Both phases can be submitted in the same step or across multiple steps.
**Supported Issue Types:**
| Type | Description | Example |
|------|-------------|---------|
| `missing_value` | Null, empty, or whitespace-only | Empty name field |
| `wrong_type` | Value doesn't match expected type | Salary as "seventy-five thousand" |
| `duplicate_row` | Exact duplicate or duplicate key | Two rows with same employee_id |
| `out_of_range` | Value outside valid range | Salary of 5000 when min is 50000 |
| `format_violation` | Wrong format or invalid enum | Date as DD/MM/YYYY instead of YYYY-MM-DD |
| `inconsistent_value` | Computed field mismatch, logical inconsistency | total != qty * price |
| `statistical_outlier` | Unreasonable value given context | resnet18 using 42.5GB GPU |
| `referential_integrity` | Foreign key violation | (available for custom tasks) |
## Observation Space
| Field | Type | Description |
|-------|------|-------------|
| `dataset_csv` | str | The corrupted dataset in CSV format |
| `schema_description` | str | Column types, ranges, and constraints |
| `validation_rules` | str | Business rules the data must satisfy |
| `task_description` | str | Task context and instructions |
| `feedback` | str | Per-step results: TP/FP/FN, precision/recall, fix scores |
| `num_issues_hint` | int | Exact count of planted issues |
| `max_steps` | int | Maximum attempts allowed |
| `done` | bool | Whether episode has terminated |
| `reward` | float | Best combined reward so far (0.0-1.0) |
**Observation Metadata** (per step):
- Identify: `identify_f1`, `identify_score`, `precision`, `recall`, `tp`, `fp`, `fn`
- Fix: `fix_score`, `fixes_correct`, `fixes_partial`, `fixes_wrong`, `fixes_attempted`
- Combined: `combined_reward`, `difficulty_found`, `difficulty_missed`
## Reward Function
### Combined Reward
```
combined_reward = 0.6 * identify_score + 0.4 * fix_score
```
If no fixes are submitted, `combined_reward = identify_score` (no penalty β€” backward compatible).
### Identify Score (Difficulty-Weighted F1)

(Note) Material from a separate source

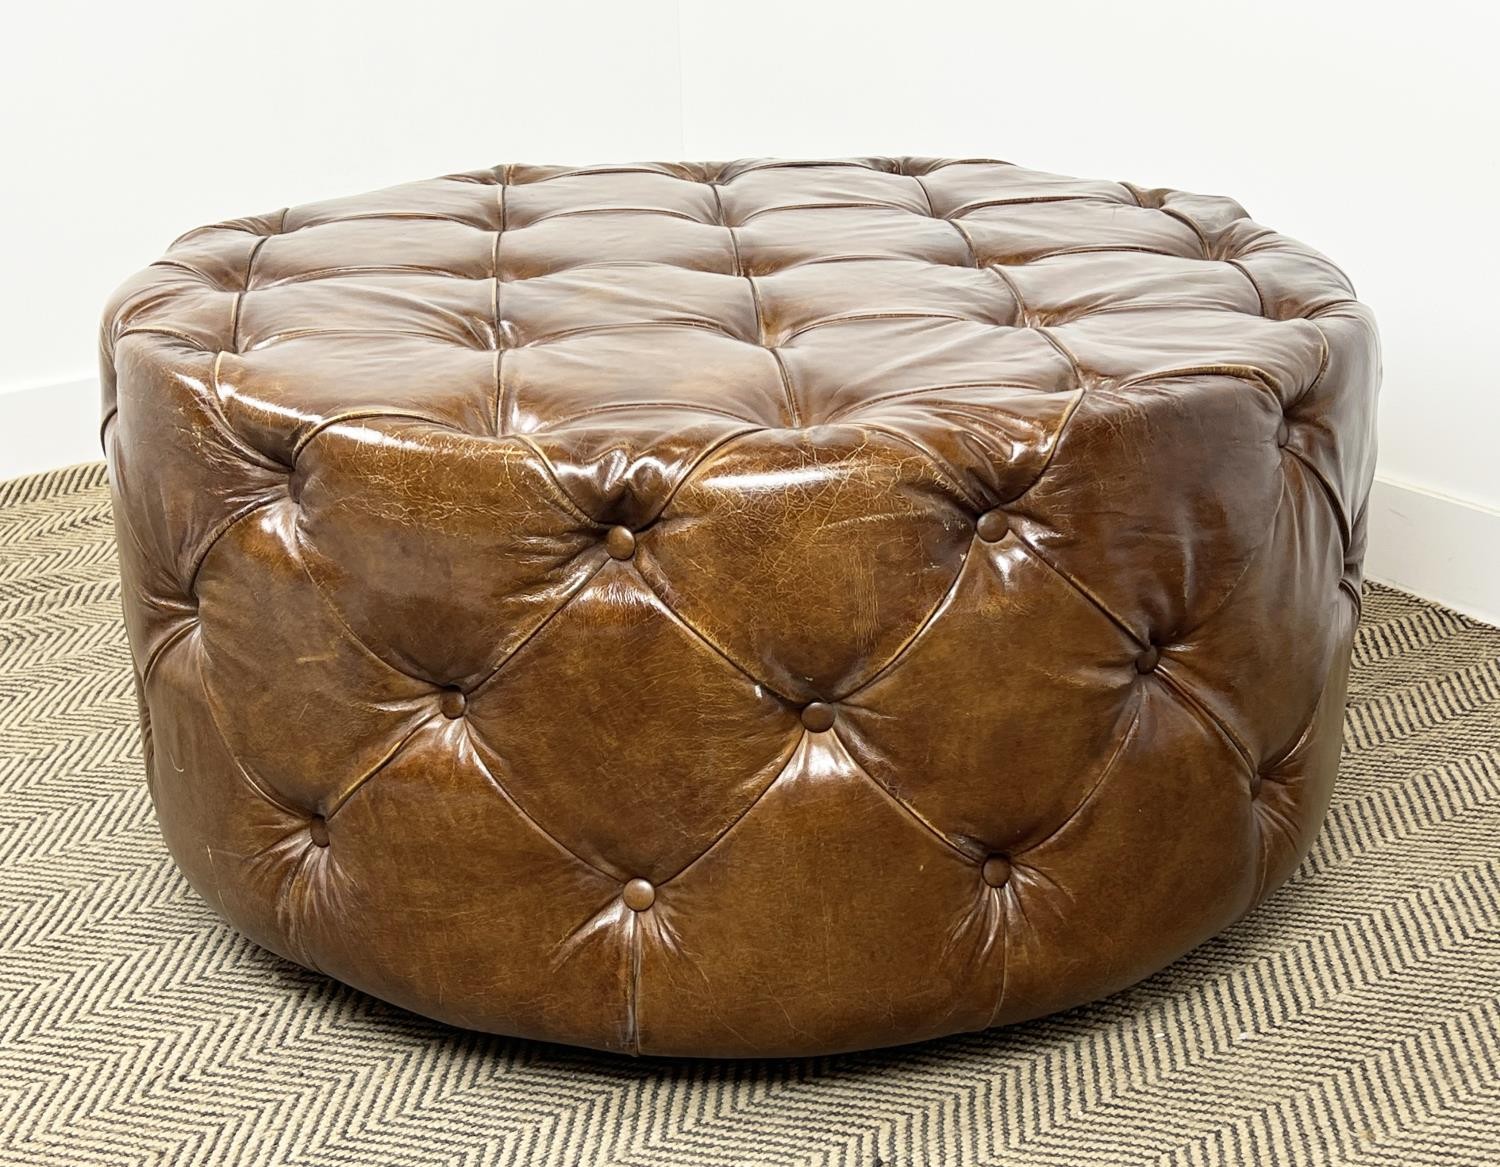 FOOTSTOOL, revolving buttoned hand dyed tanned leather, 55cm H x 98cm diam. - Image 5 of 5

Each planted issue has a **difficulty weight** (1.0-3.0):
| Weight | Category | Examples |
|--------|----------|----------|
| 1.0 | Easy | Missing values, obvious out-of-range, wrong type |
| 1.5-2.0 | Medium | Duplicate keys, format violations, cross-column checks |
| 2.5-3.0 | Hard | Data leakage, statistical outliers, whitespace-only |
- **Weighted Recall** = (difficulty of found issues) / (total difficulty)
- **Weighted Precision** = penalizes false positives proportional to average difficulty
- **Weighted F1** = harmonic mean
### Fix Score (Difficulty-Weighted Quality)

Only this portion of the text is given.